Frank Bartleman (December 14, 1871 – August 23, 1936) was an American preacher, evangelist, and writer whose ministry ignited and chronicled the 1906 Azusa Street Revival, a cornerstone of modern Pentecostalism. Born near Carversville, Pennsylvania, to Frank Bartleman, a strict German Catholic immigrant, and Margaret Hellyer, an American Quaker of English-Welsh descent, he was the third of five sons in a farming family. Converted at 22 on October 15, 1893, in Philadelphia’s Grace Baptist Church under pastor W.W. White, he briefly studied at Temple University and Moody Bible Institute before leaving formal education for ministry, shaped by Salvation Army and Holiness influences.
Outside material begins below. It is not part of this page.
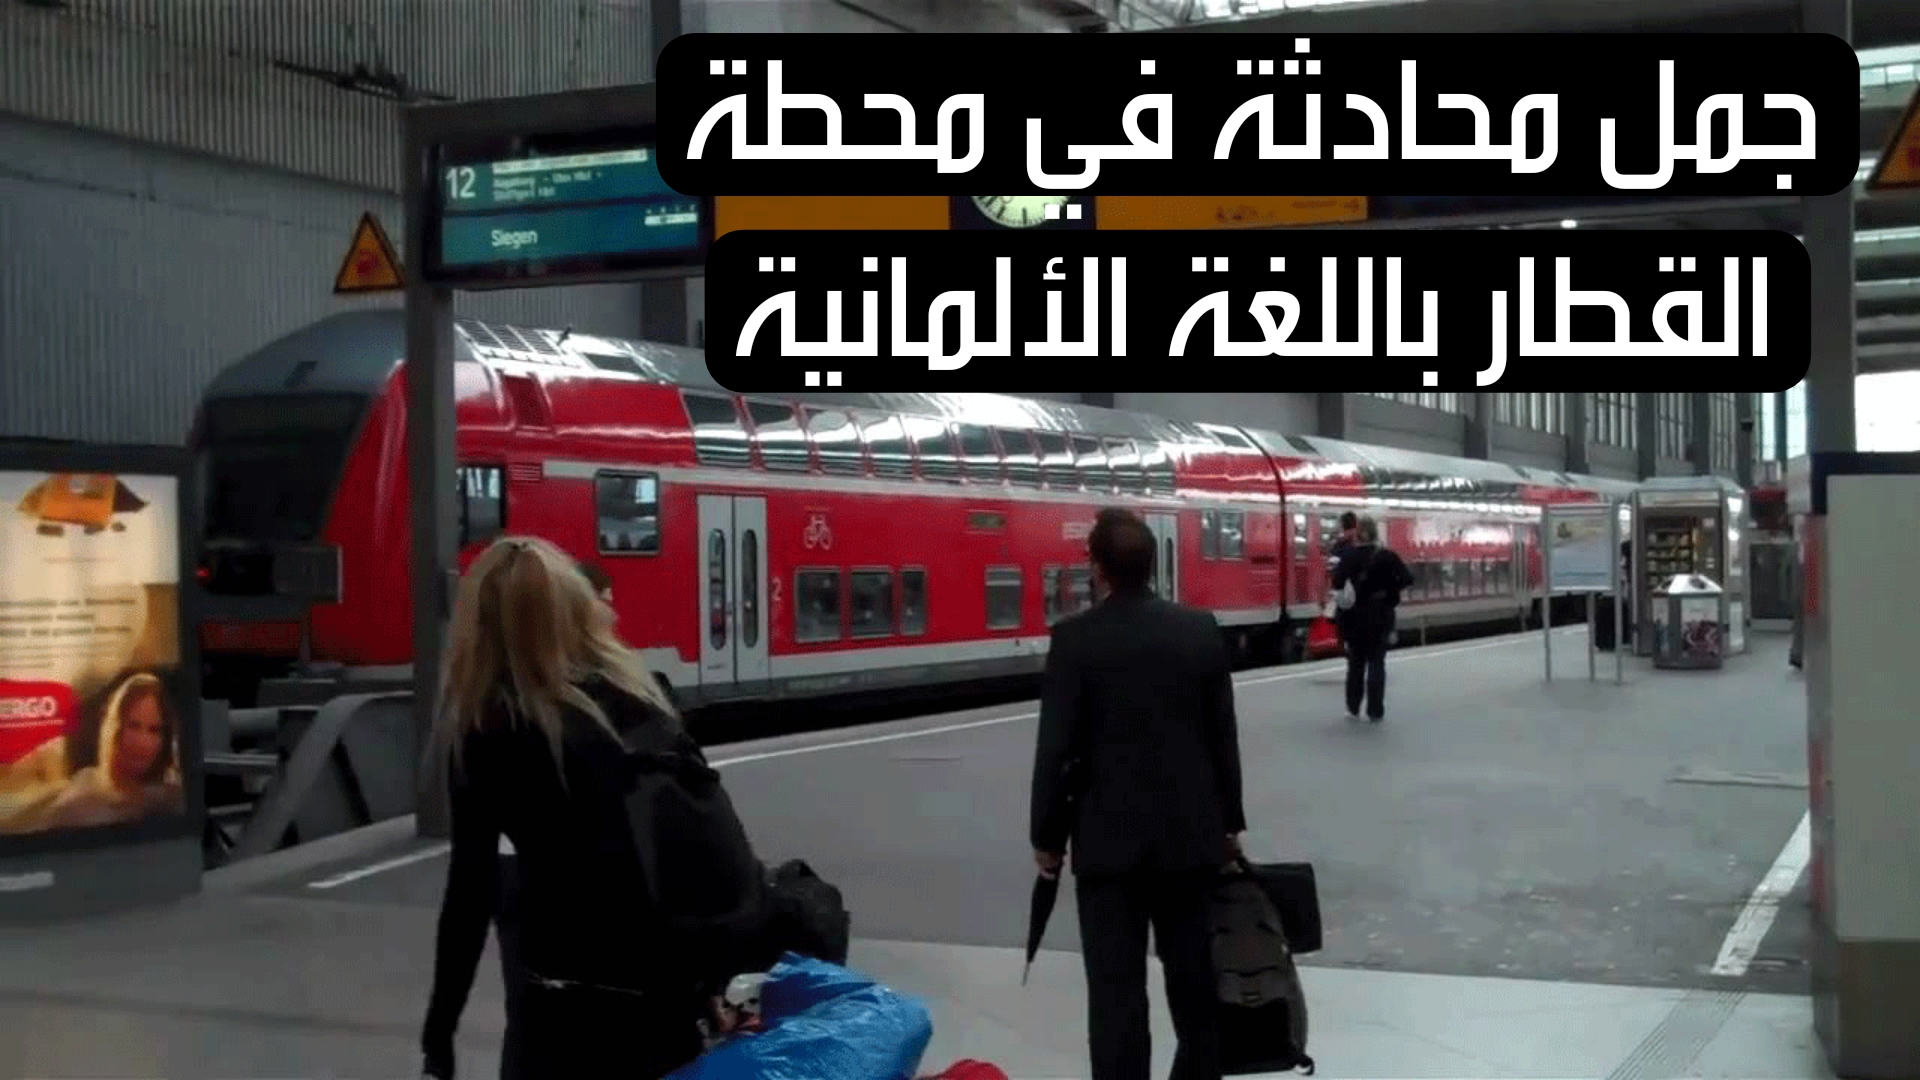 جمل محادثة في محطة القطار باللغة الألمانية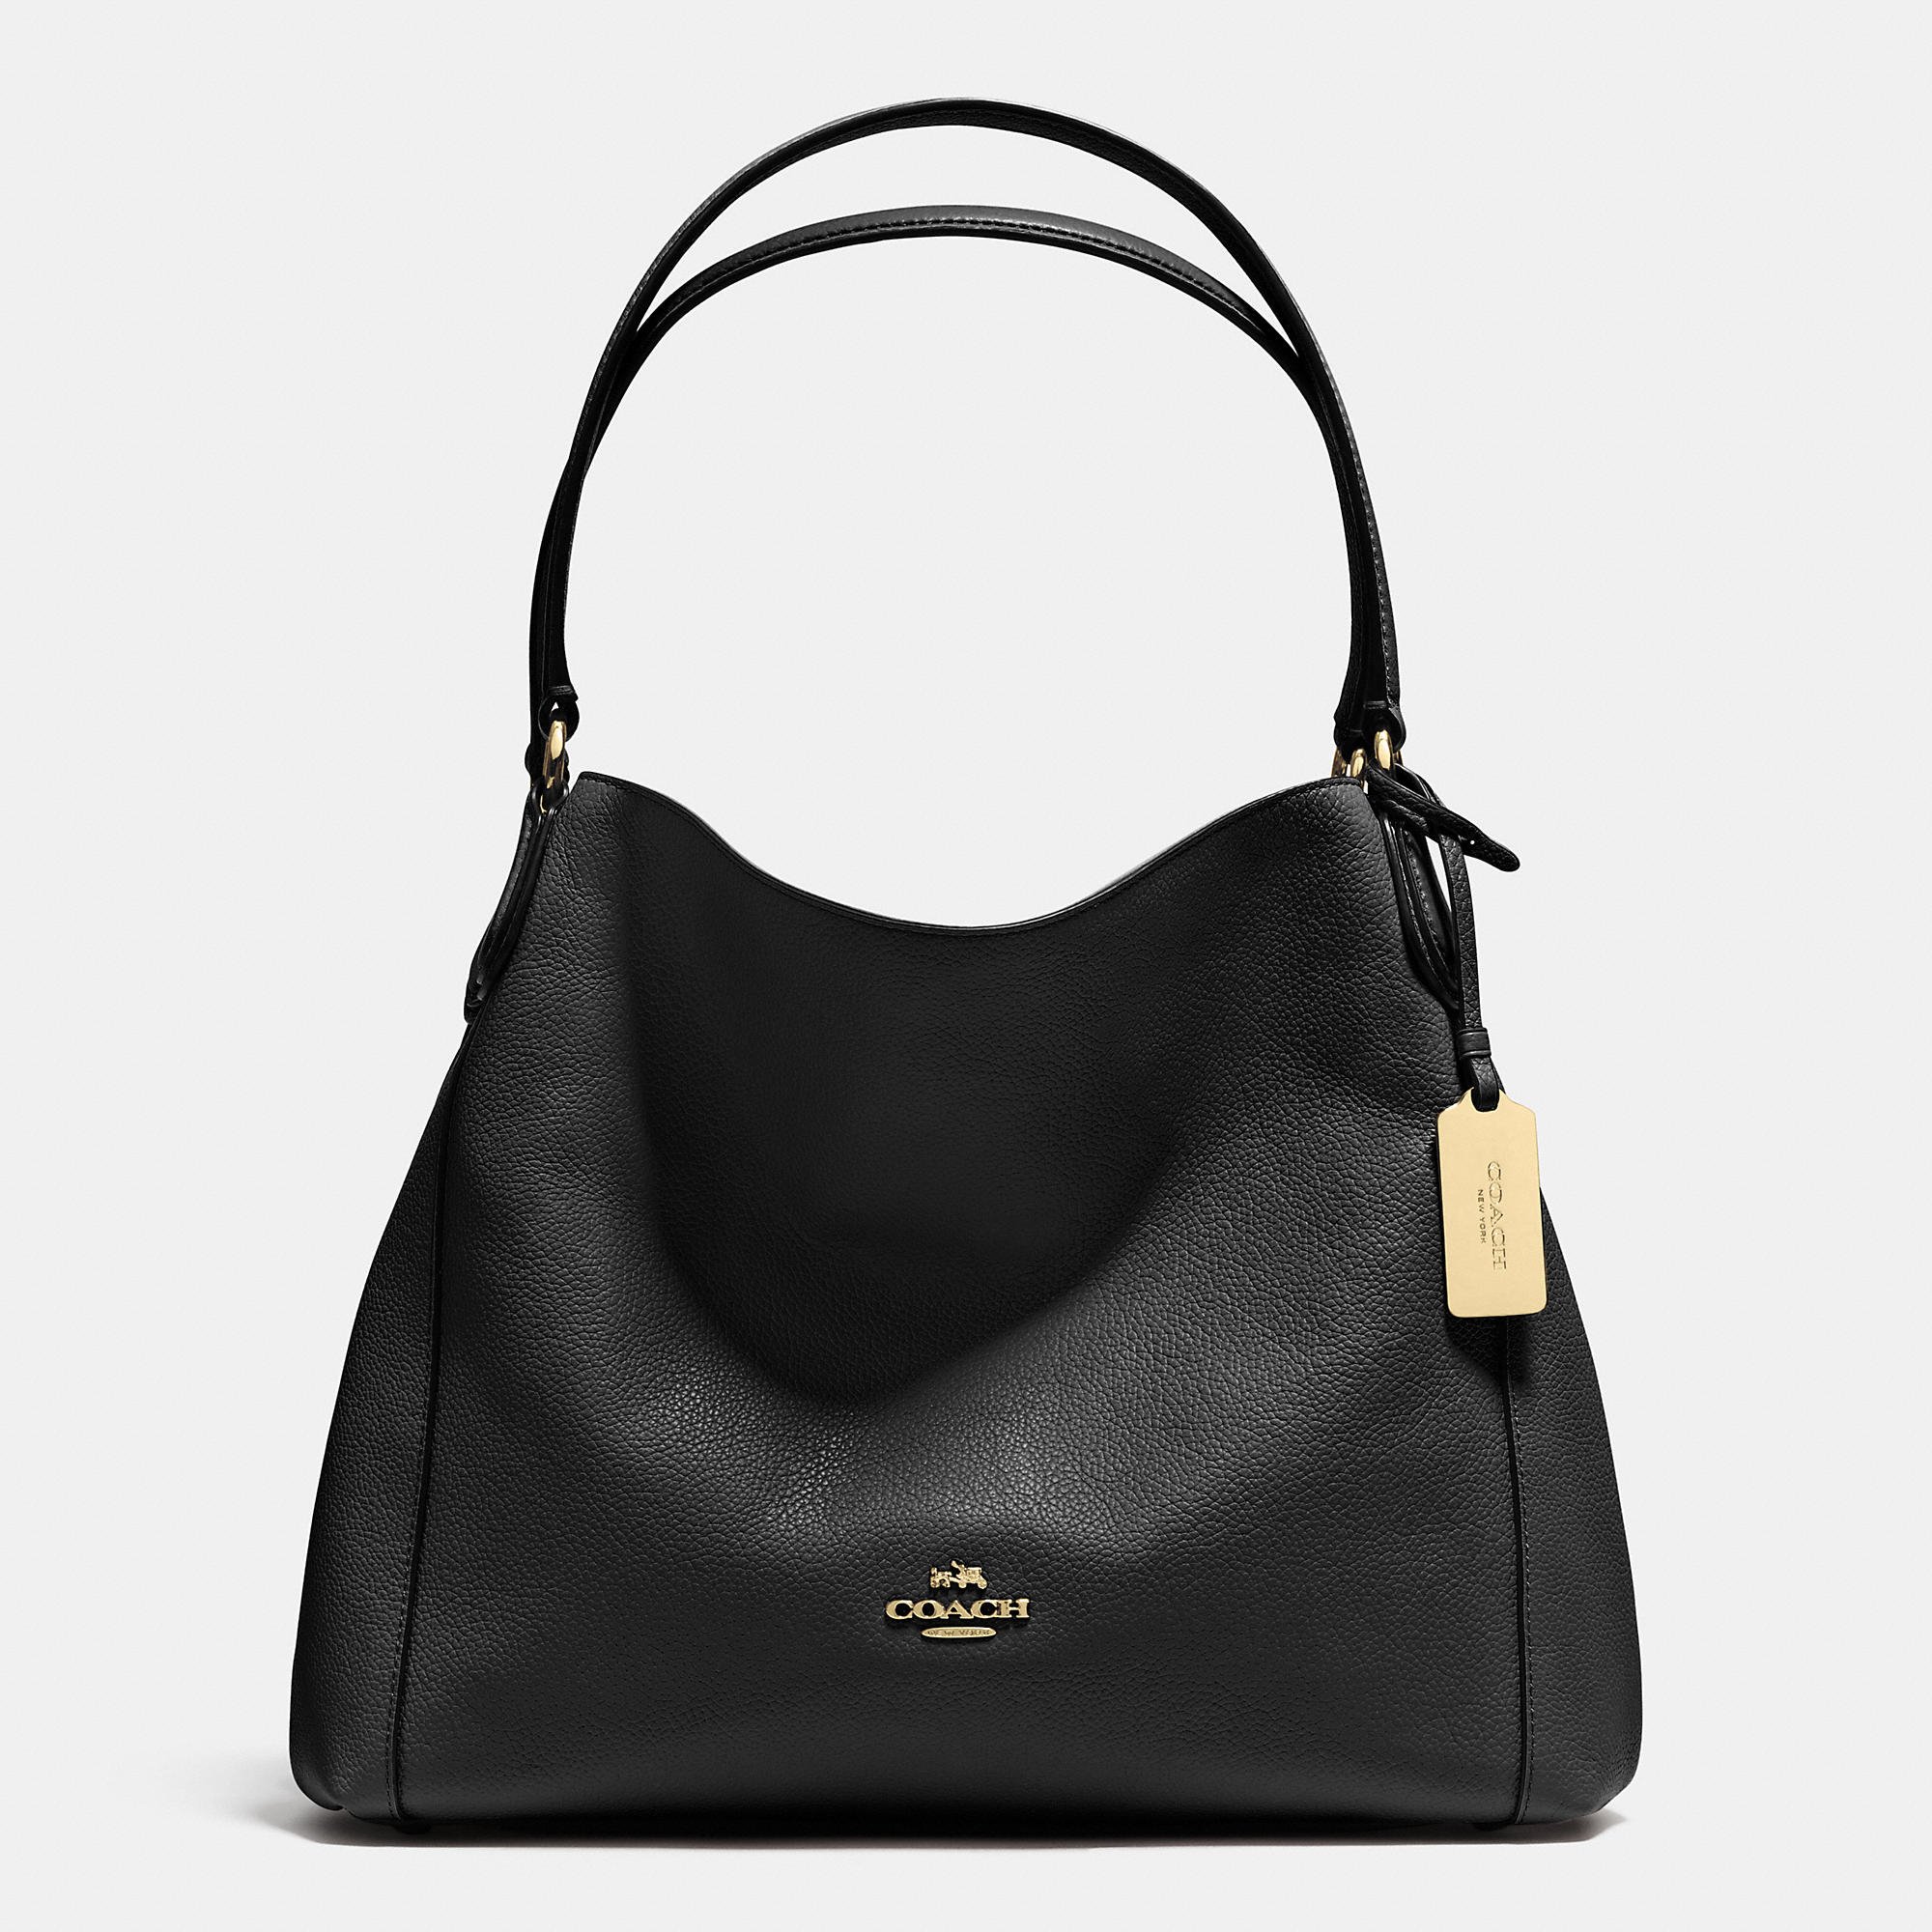 COACH Edie 31 Leather Shoulder Bag in Light Gold/Black (Black) - Lyst

Bartleman’s preaching career began in 1894 with the Salvation Army, Wesleyan Methodists, and Pillar of Fire, evolving into a Pentecostal focus after his 1905 move to Los Angeles. There, his fervent prayer and sermons sparked the Azusa Street Revival under William J. Seymour, where he preached racial unity and Spirit baptism, documented in over 550 articles, 100 tracts, and six books, including How Pentecost Came to Los Angeles (1925). His global ministry included China (1908–1916) and Europe (1912–1914). Married to Anna Ladd in 1900, a Bulgarian adoptee of Methodist missionaries, they had four children—Esther (died infancy), George, Ruth, and John—before her death in 1929. Bartleman died at age 64 in Los Angeles, California.